-- Dataset extract follows --

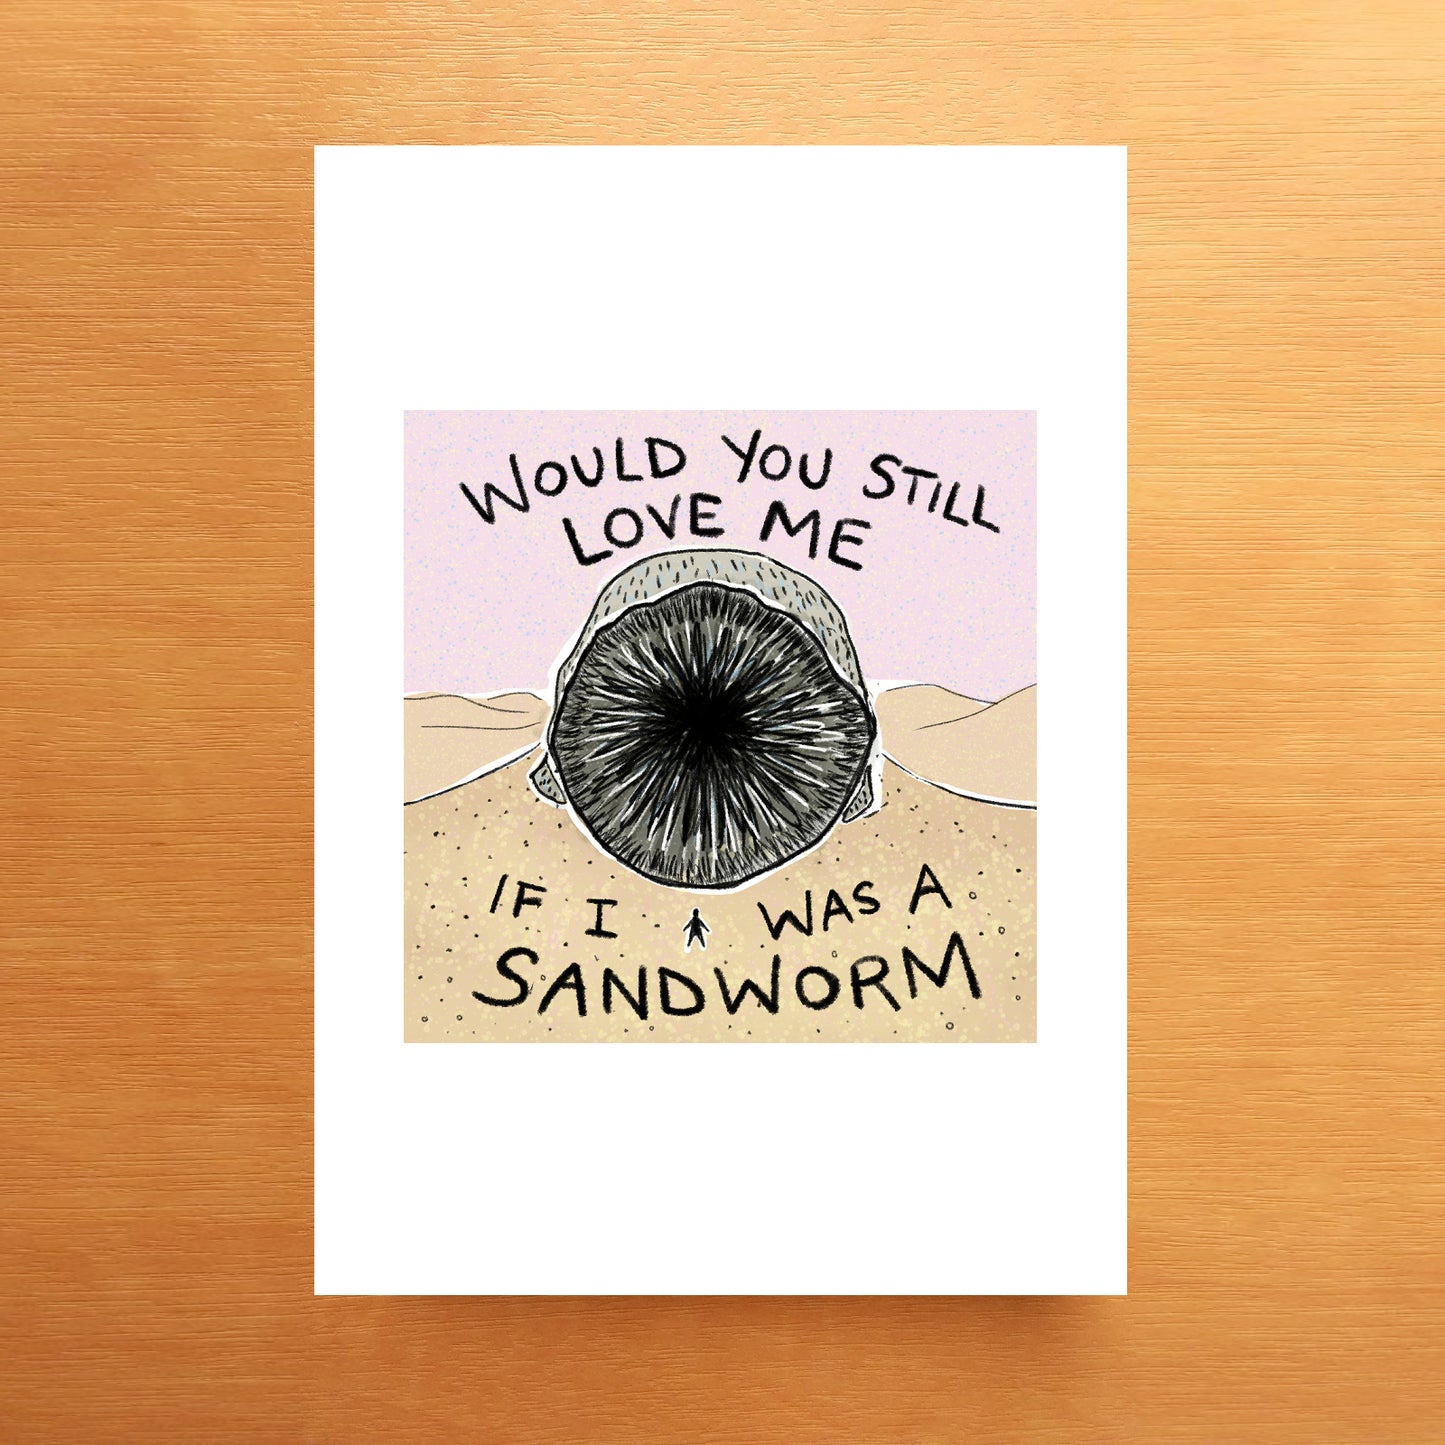 Sandworm - High quality A4 print
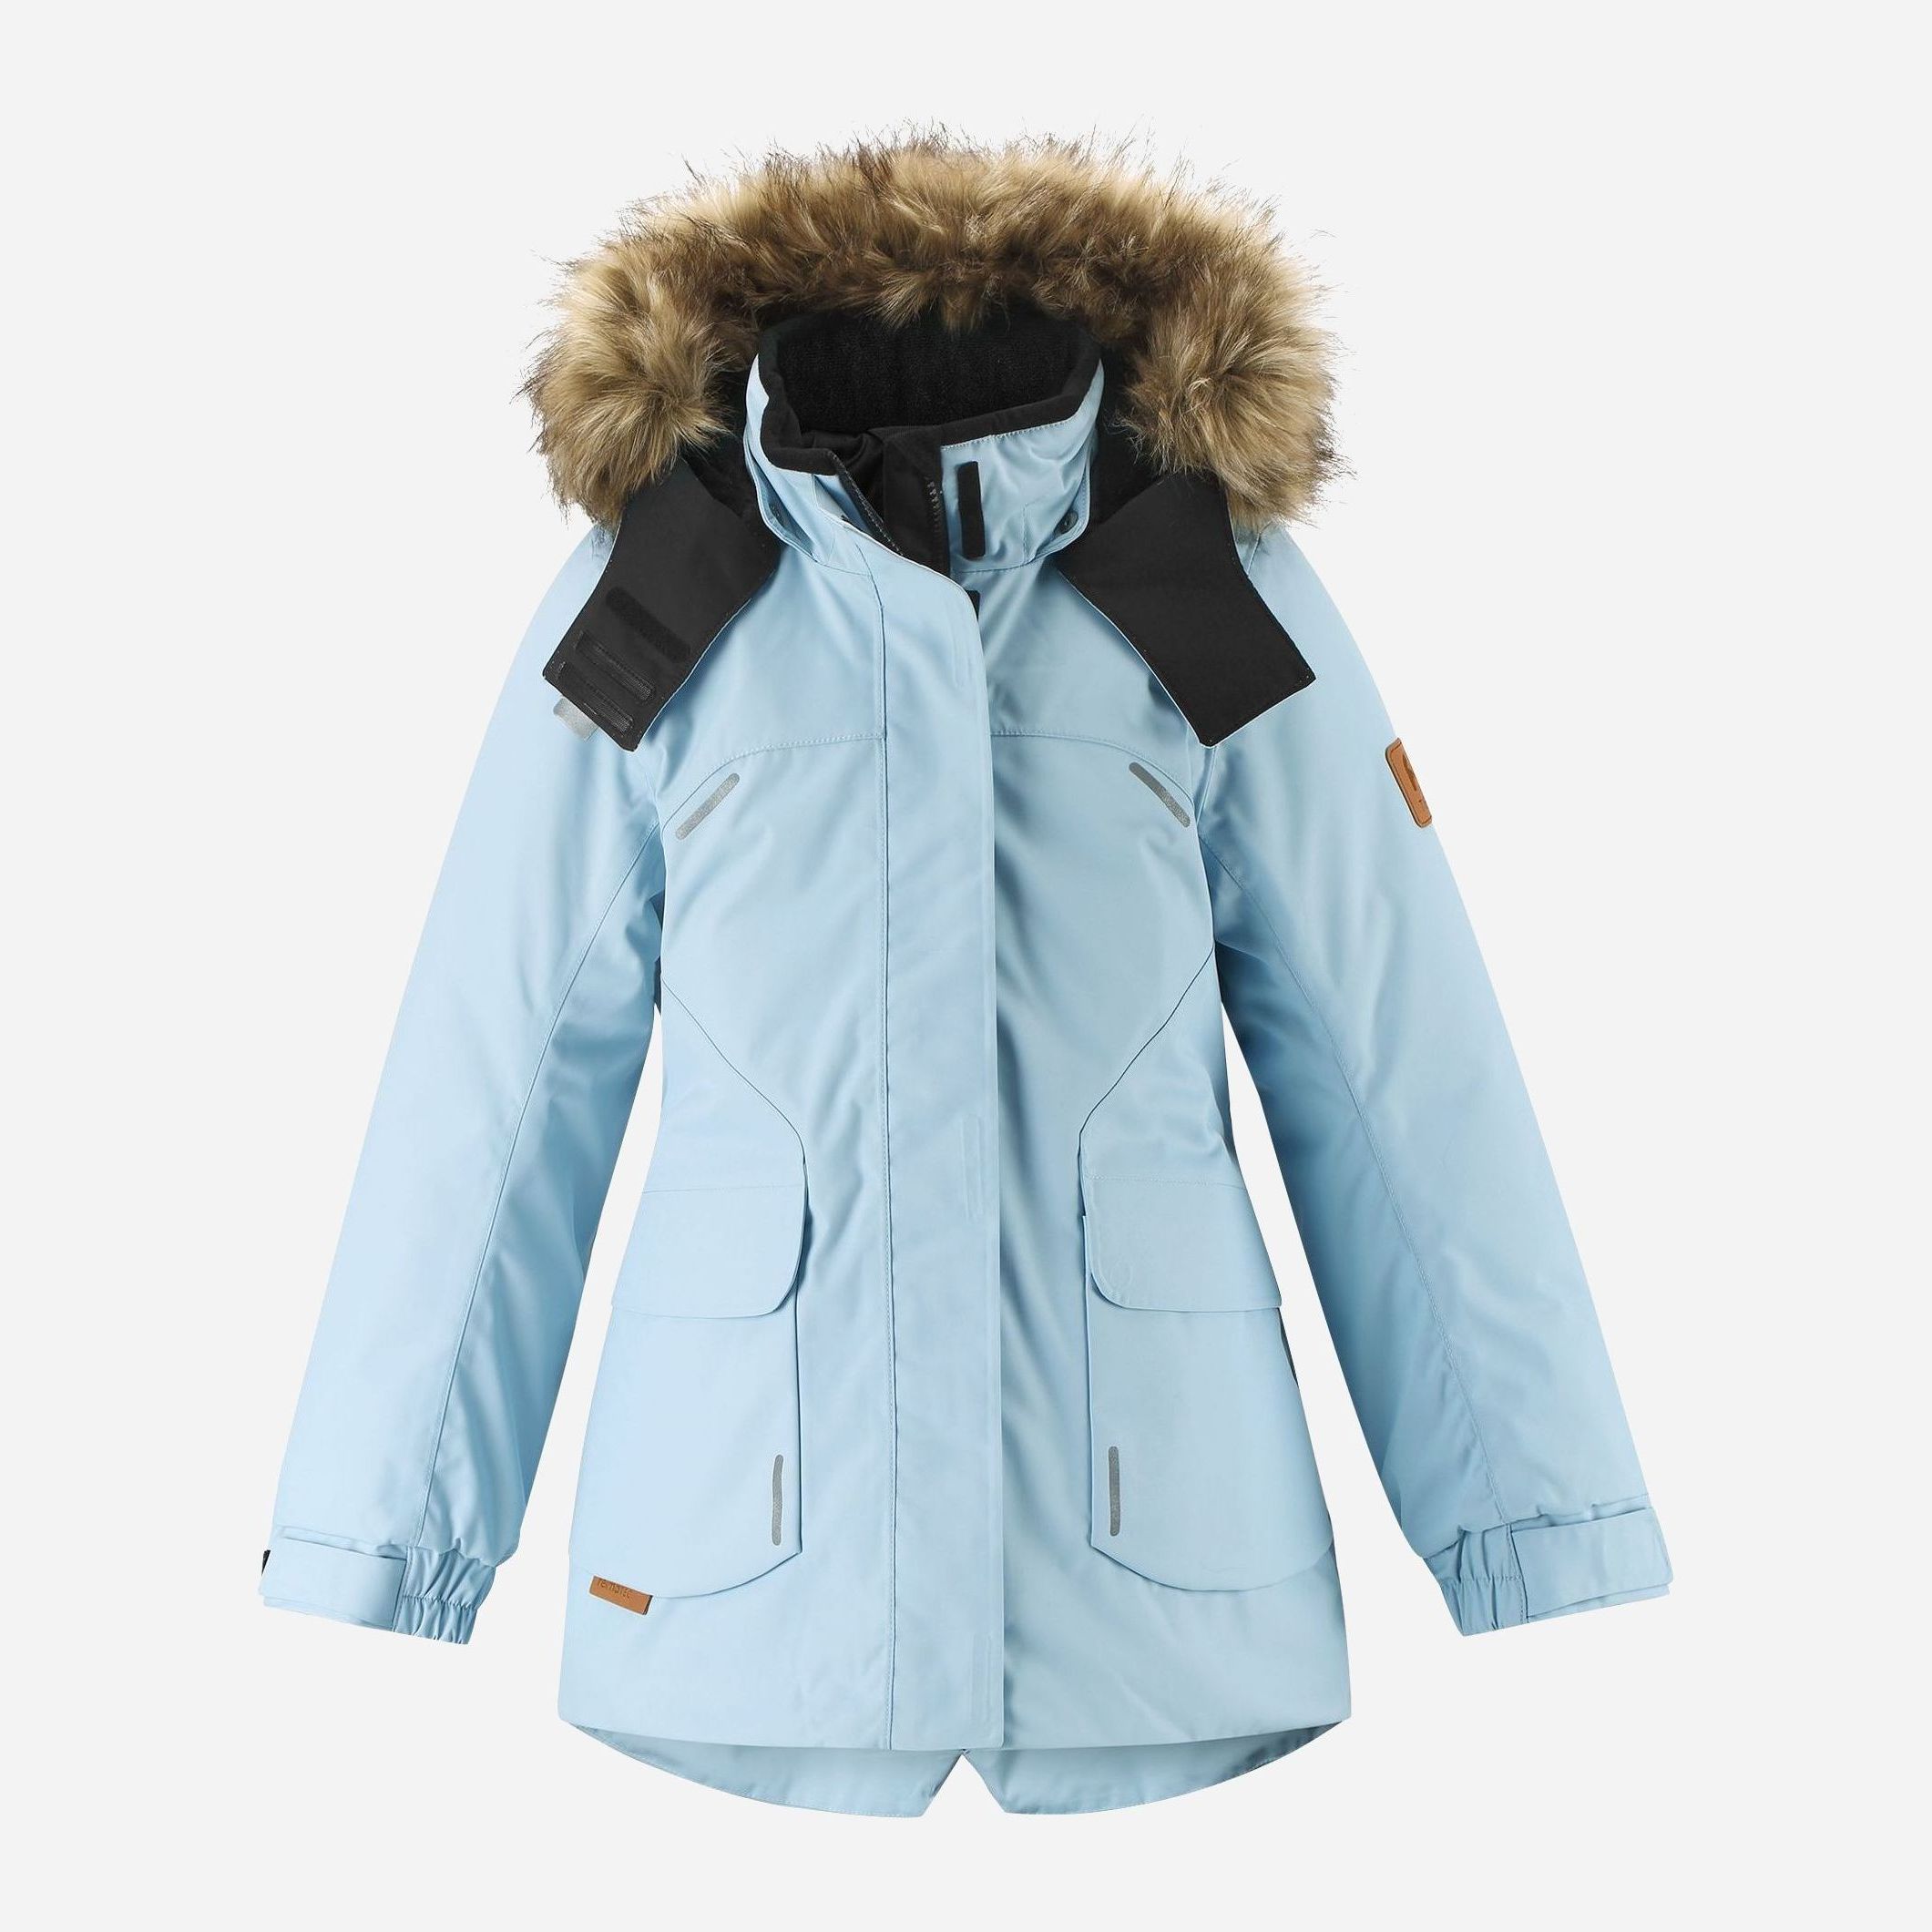 Акция на Дитяча зимова термо куртка-парка для дівчинки Reima Sisarus 531376-6180 116 см от Rozetka
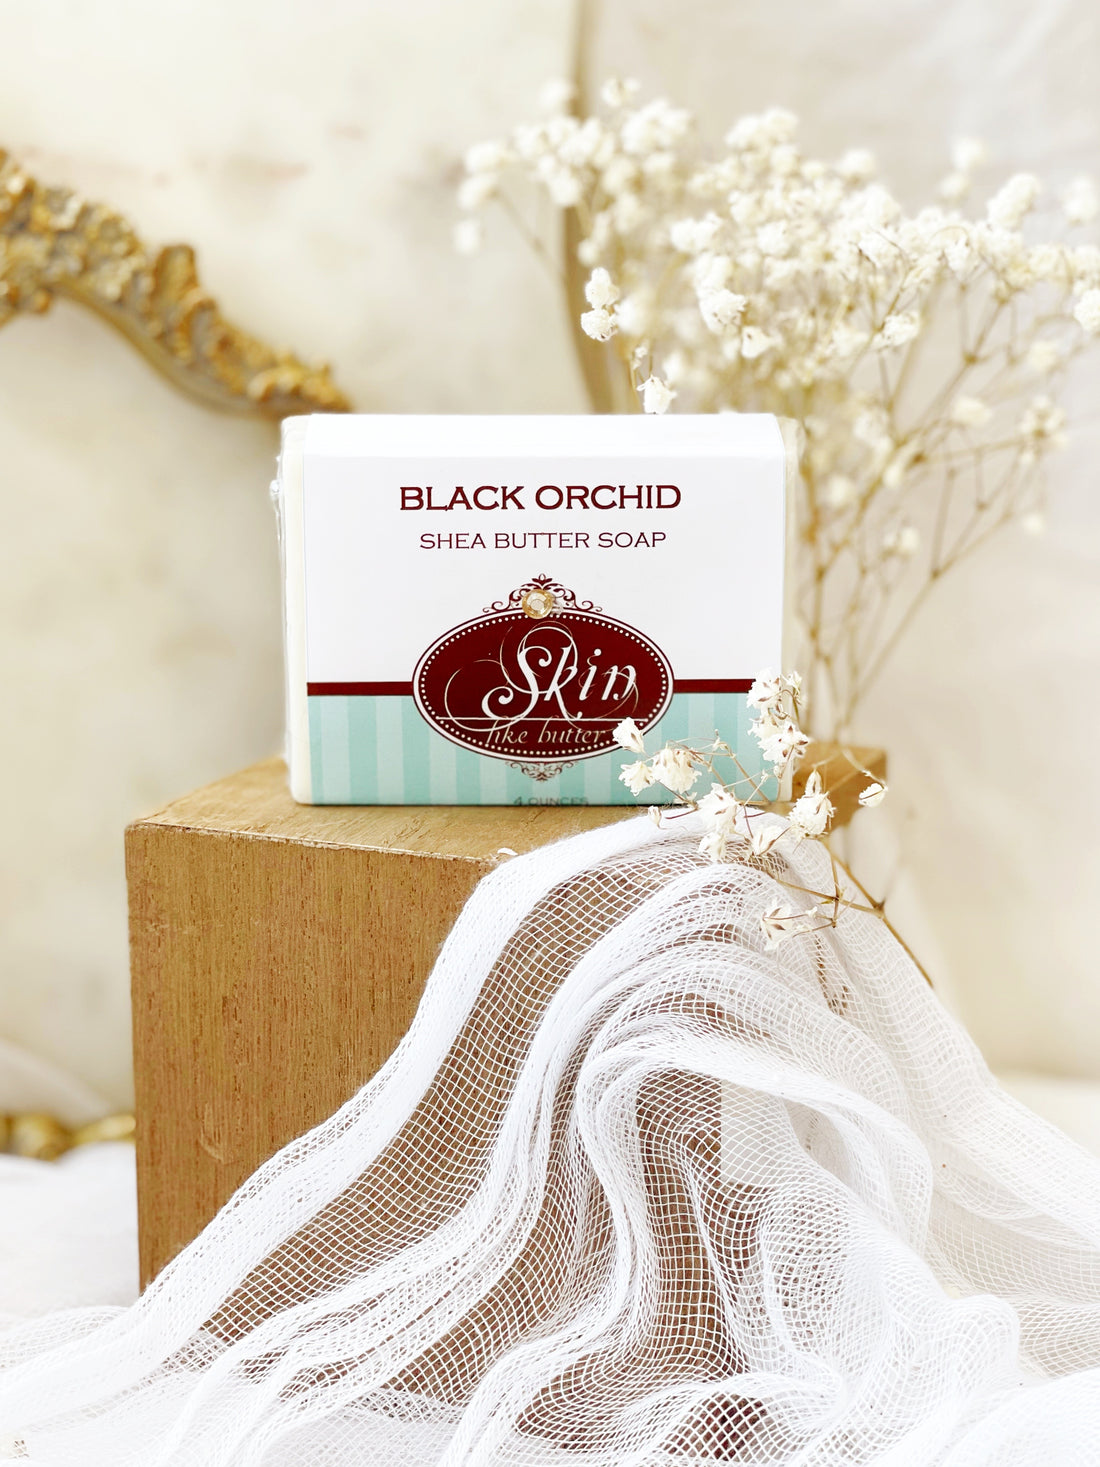 BLACK ORCHID - Skin Like Butter - Shea Butter 4 oz Soap Bar

-- Dataset extract concluded --

▶ _Work task_: Say again, word for word, every line from the one with "Акция на Дитяча" through the last line of the data above, minus the pictures.

▶ _Output for this task_:
 Акция на Дитяча зимова термо куртка-парка для дівчинки Reima Sisarus 531376-6180 116 см от Rozetka
 BLACK ORCHID - Skin Like Butter - Shea Butter 4 oz Soap Bar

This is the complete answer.